[[ SOURCE MATERIAL open ]]
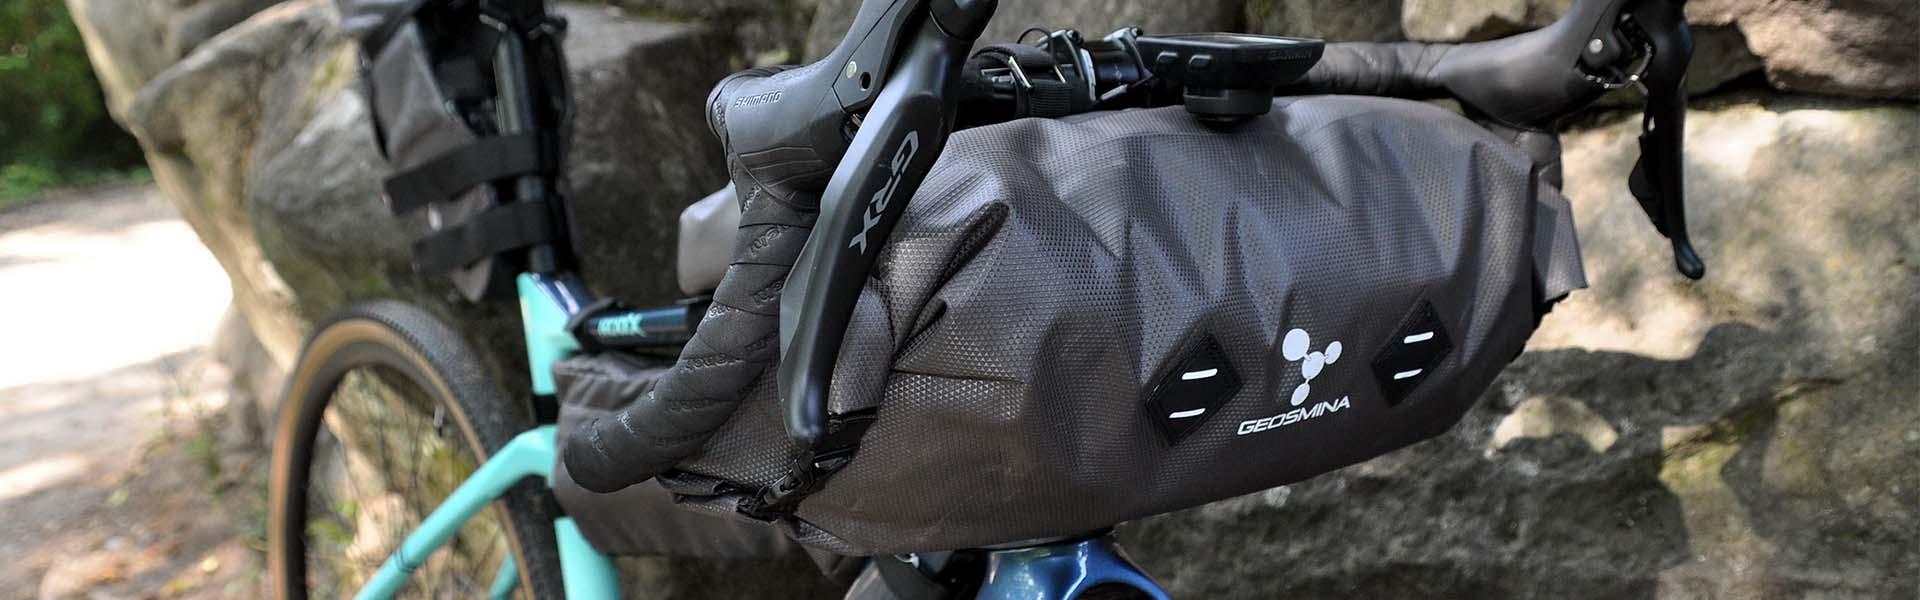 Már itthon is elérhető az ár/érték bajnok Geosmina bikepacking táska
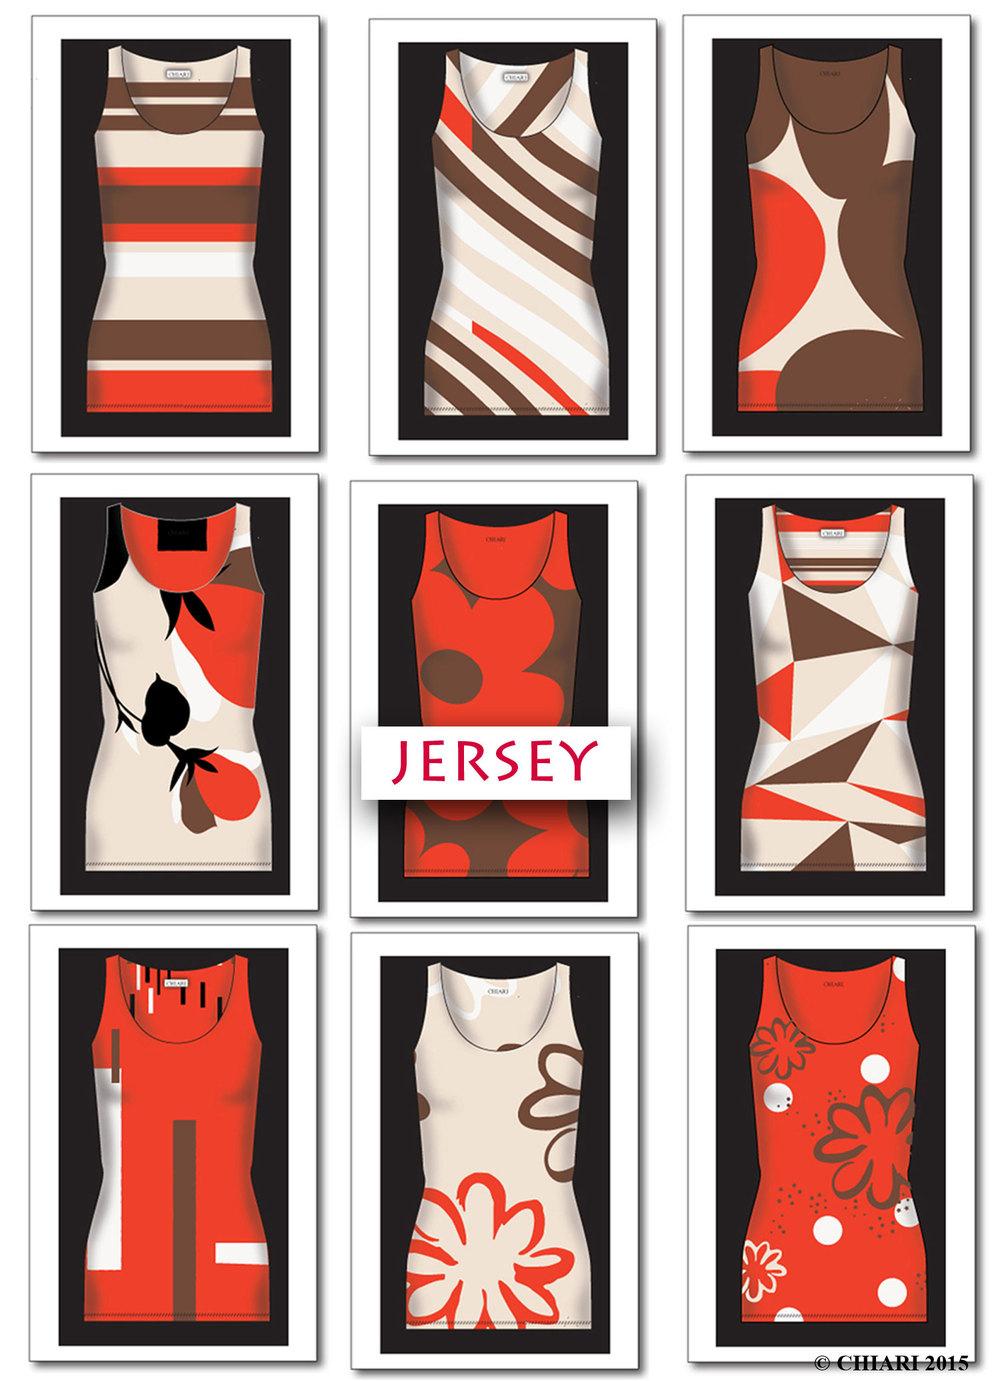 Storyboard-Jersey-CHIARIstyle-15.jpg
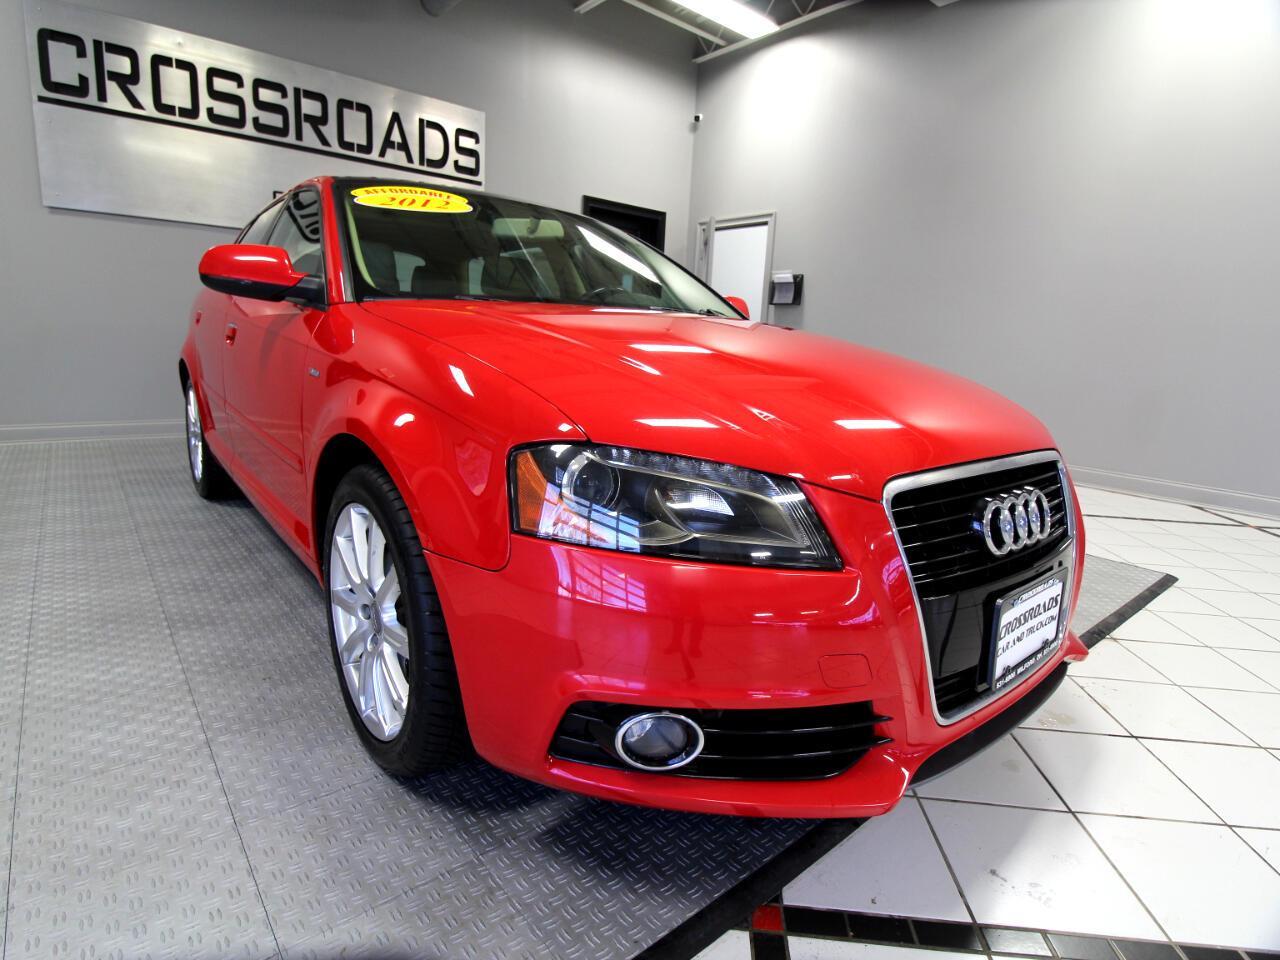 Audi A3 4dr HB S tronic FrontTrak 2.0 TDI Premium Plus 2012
[[ SOURCE MATERIAL closed ]]
*WHAT TO PRODUCE*
Set down the material above exactly as it reads, but not its pictures.

*YOUR SOLUTION*
 Már itthon is elérhető az ár/érték bajnok Geosmina bikepacking táska
 Storyboard-Jersey-CHIARIstyle-15.jpg
 Audi A3 4dr HB S tronic FrontTrak 2.0 TDI Premium Plus 2012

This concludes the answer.